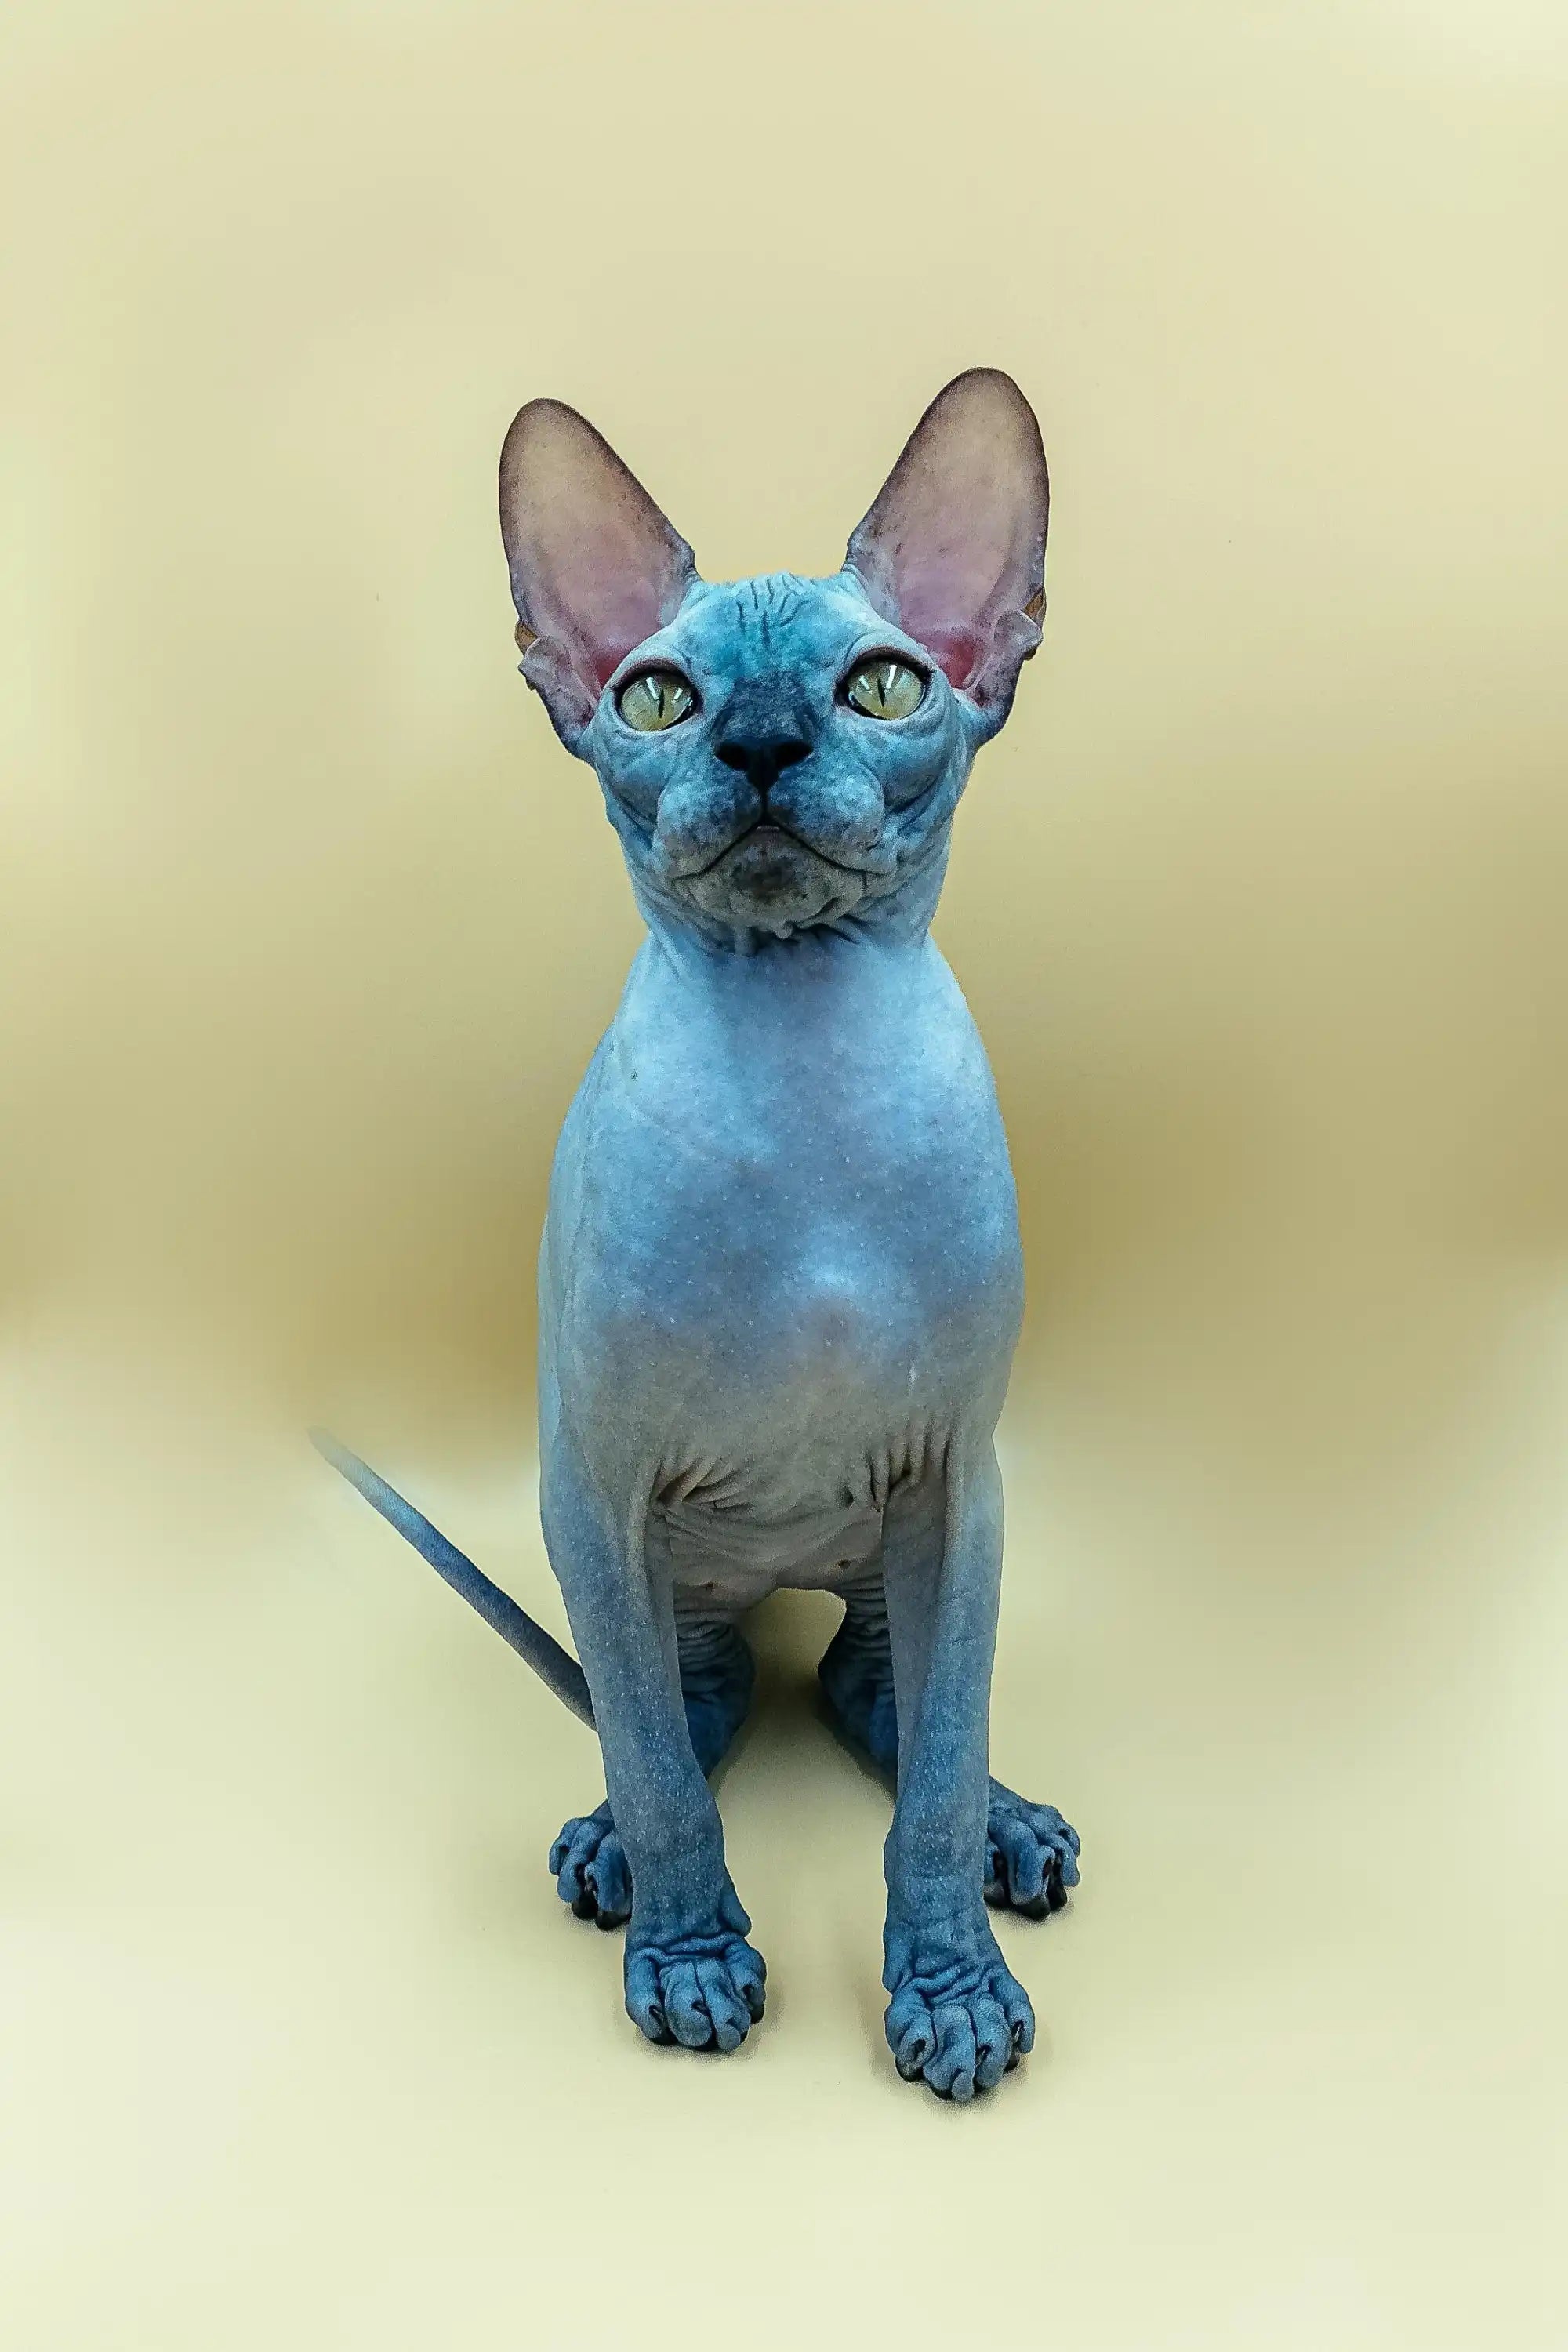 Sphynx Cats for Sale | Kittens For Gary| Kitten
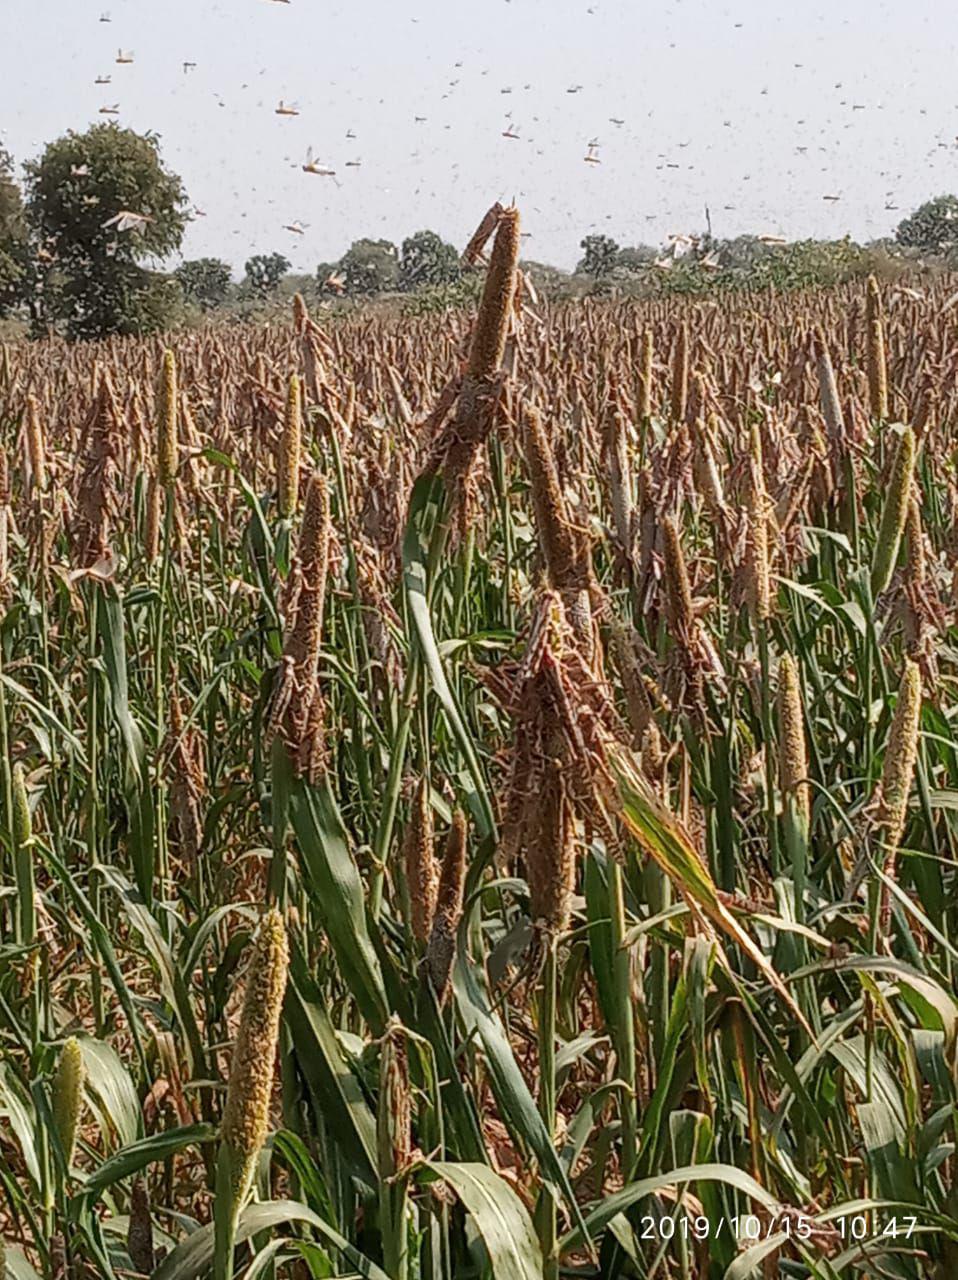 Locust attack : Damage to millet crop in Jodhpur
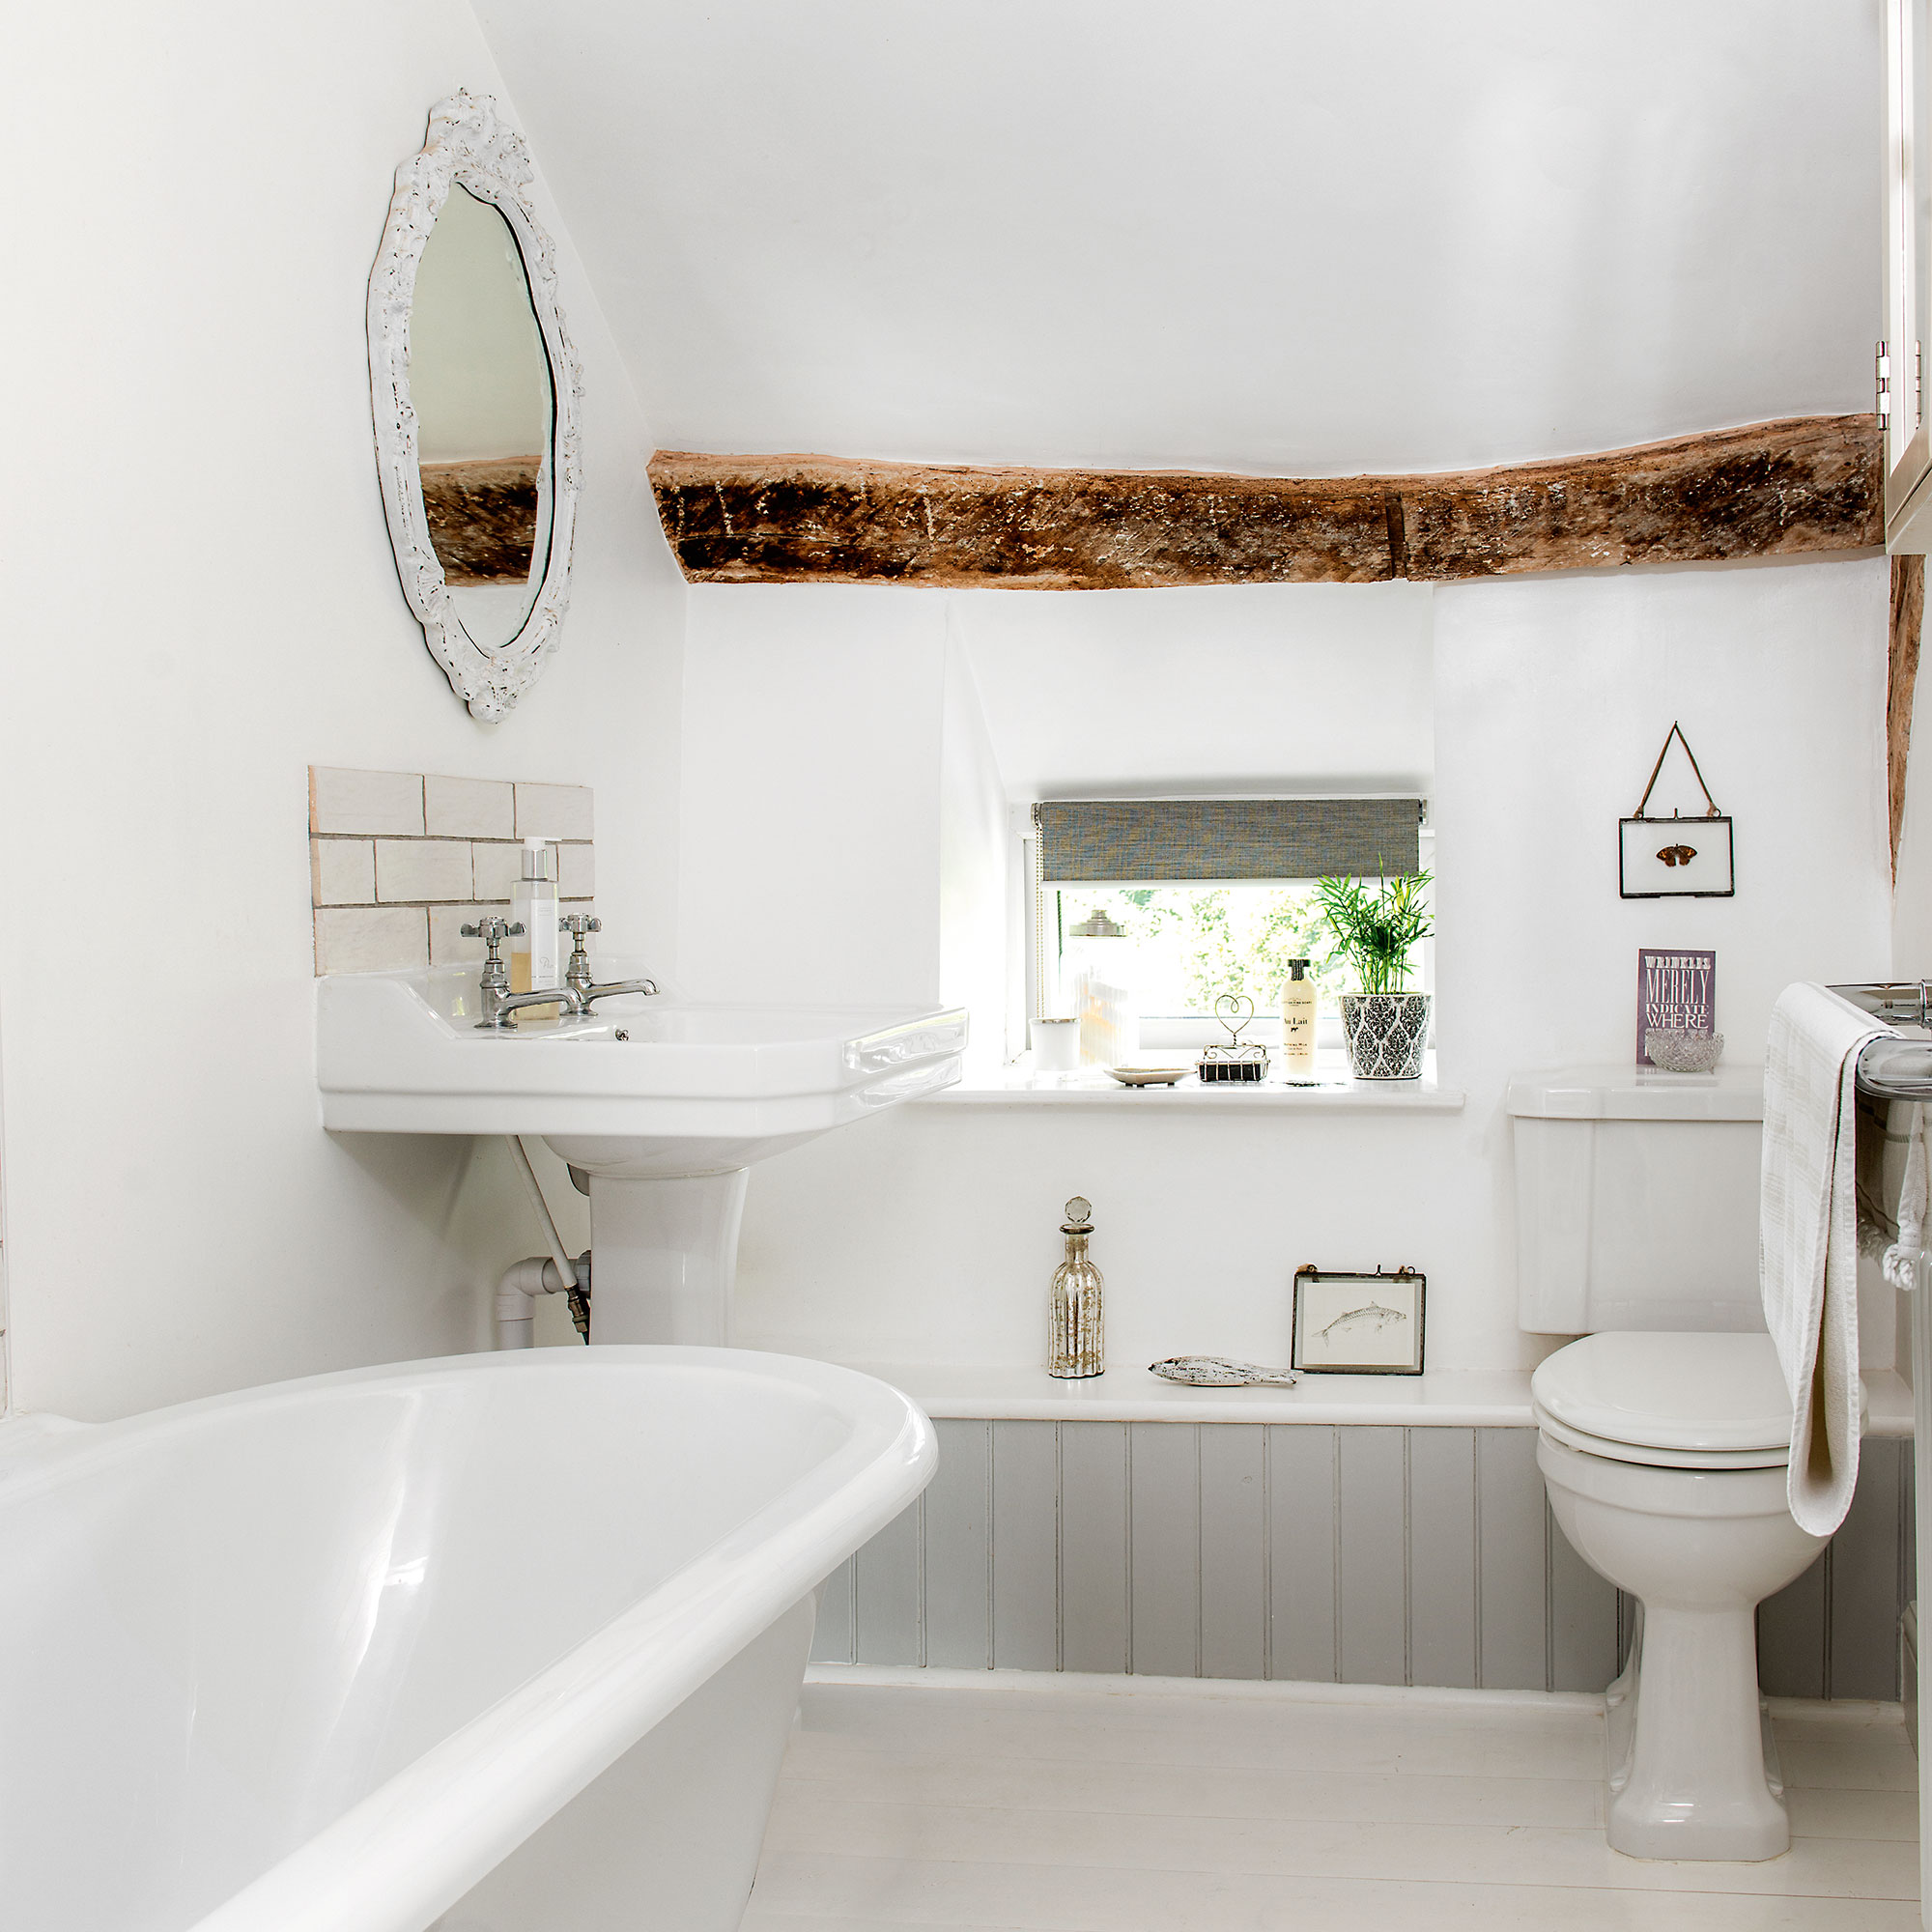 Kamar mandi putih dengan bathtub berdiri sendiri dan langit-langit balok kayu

§ What is being asked:
Print every line above exactly. Leave the pictures out.

§ Reply:
 Sphynx Cats for Sale | Kittens For Gary| Kitten
 Locust attack : Damage to millet crop in Jodhpur
 Kamar mandi putih dengan bathtub berdiri sendiri dan langit-langit balok kayu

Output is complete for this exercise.